[[ Data below open ]]

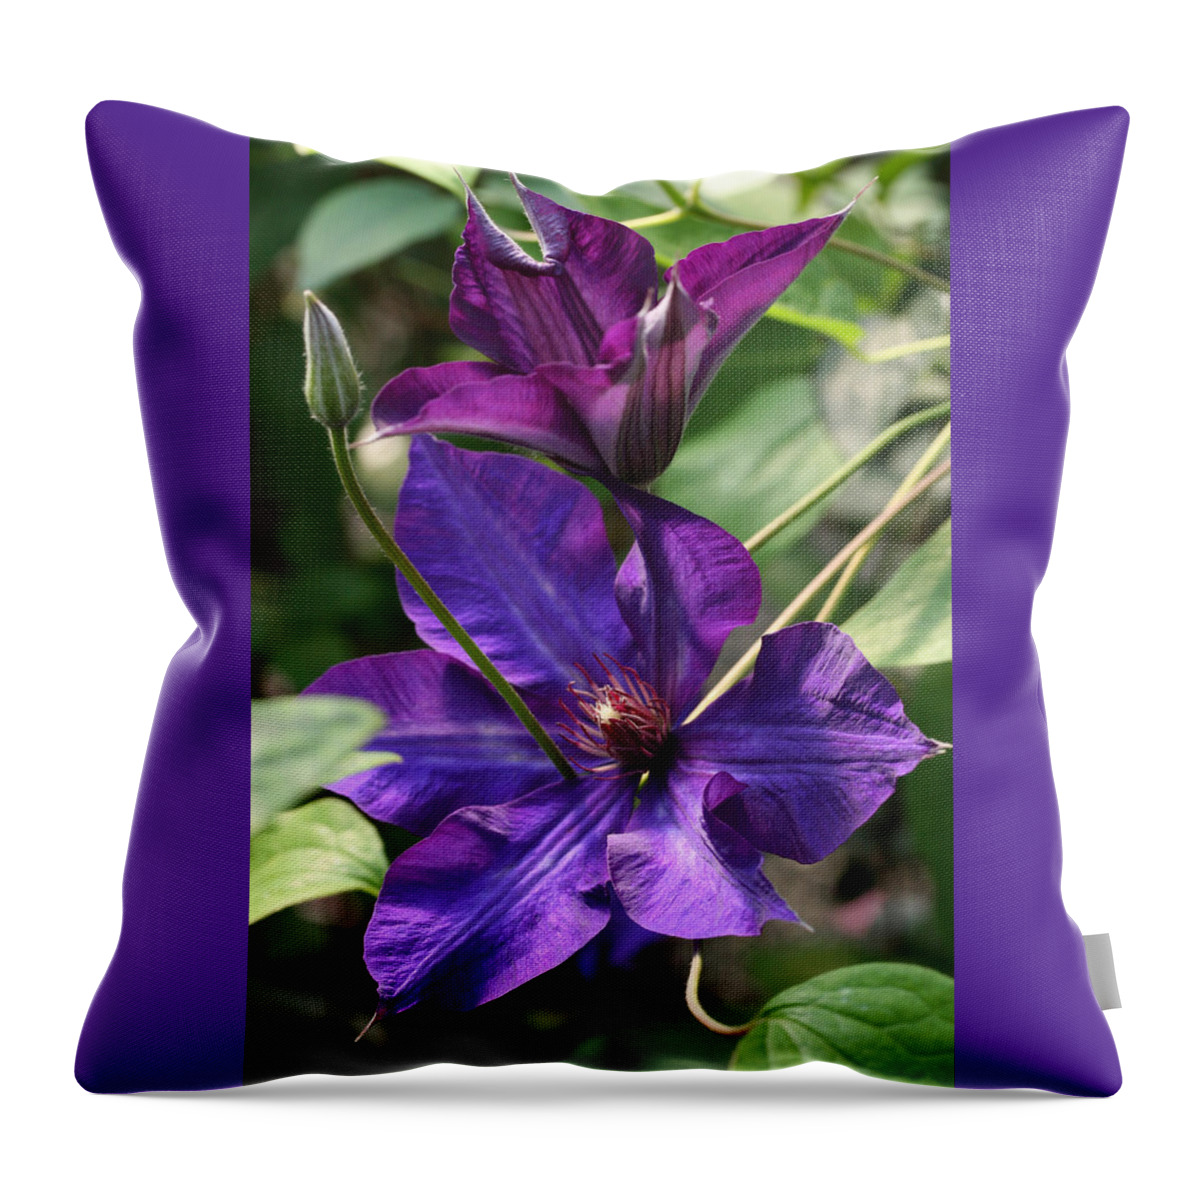 Abundant Throw Pillow featuring the photograph Black Tea Clematis by Tammy Pool
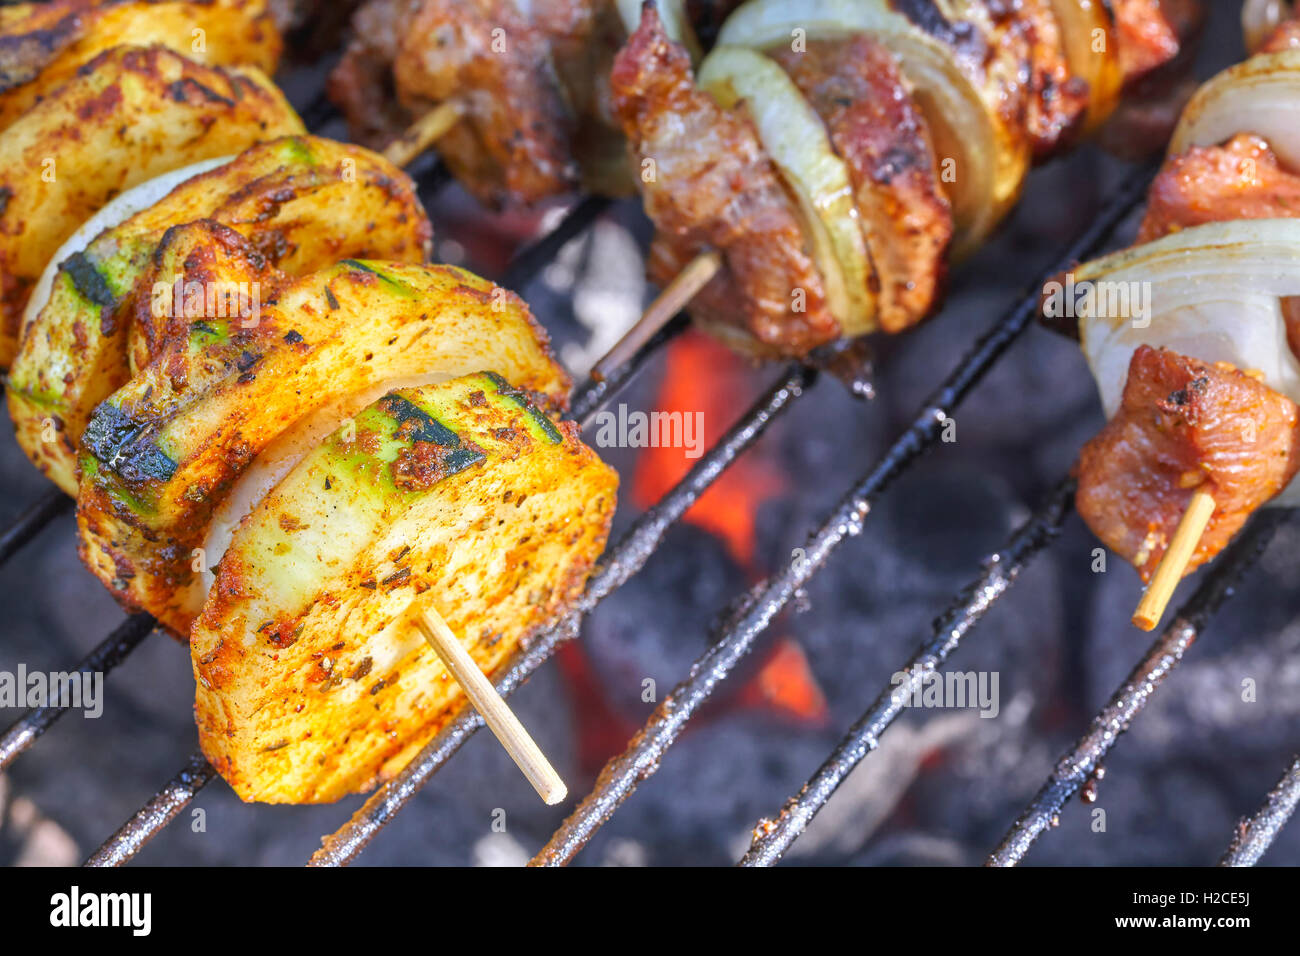 Close up picture of a zucchini and meat skewers, garden barbecue, selective focus. Stock Photo
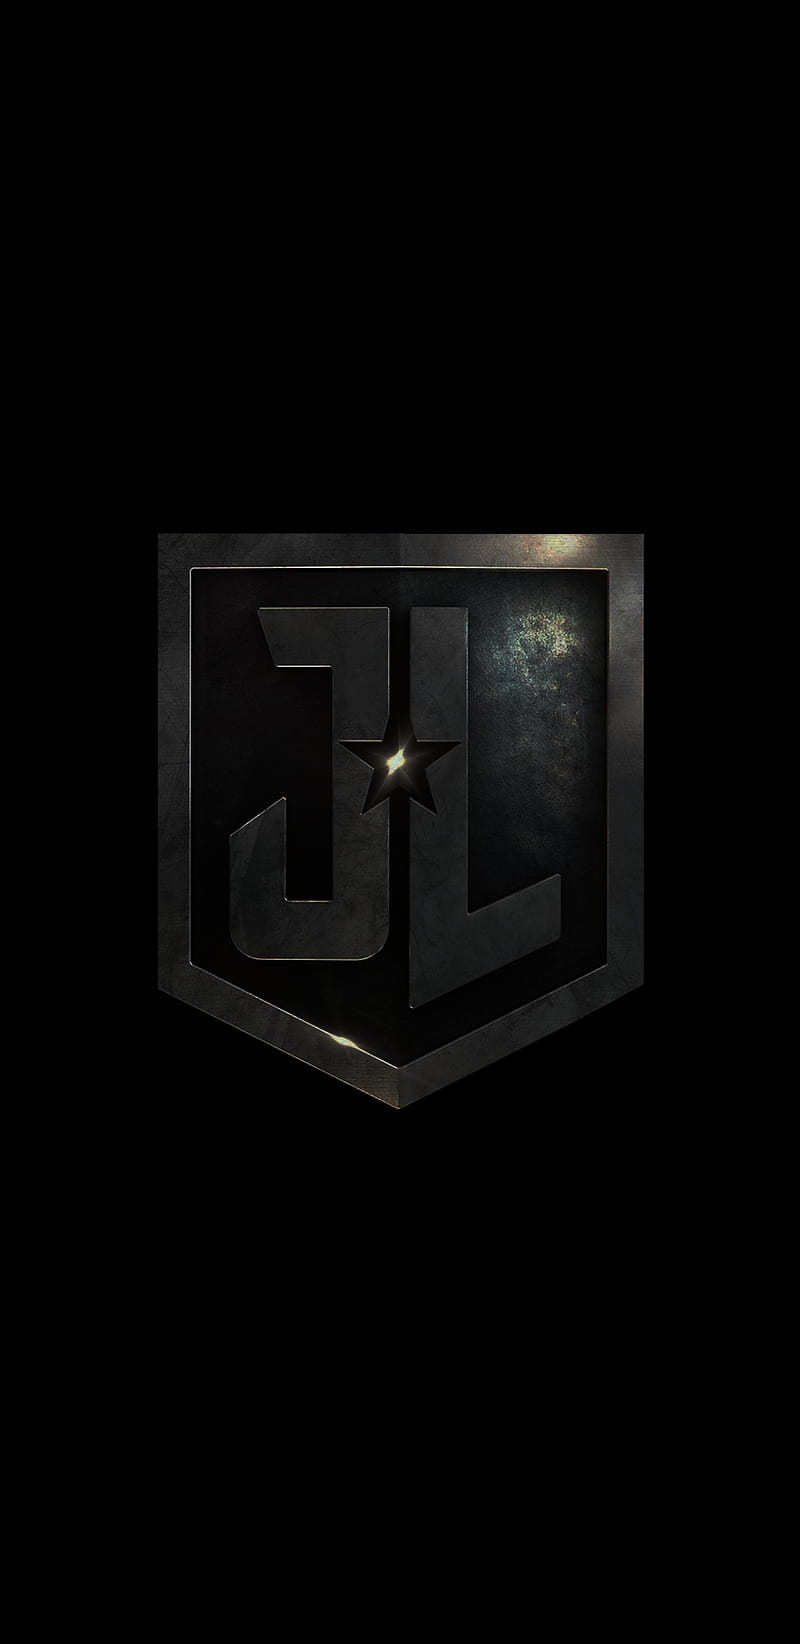 New Justice League Movie Logo Unveiled

[[ Data below closed ]]

§ What you will do
Give back the material above exactly as written, but omit the images.

§ Written response
 Abundant Throw Pillow featuring the photograph Black Tea Clematis by Tammy Pool
 Close up picture of a zucchini and meat skewers, garden barbecue, selective focus. Stock Photo
 New Justice League Movie Logo Unveiled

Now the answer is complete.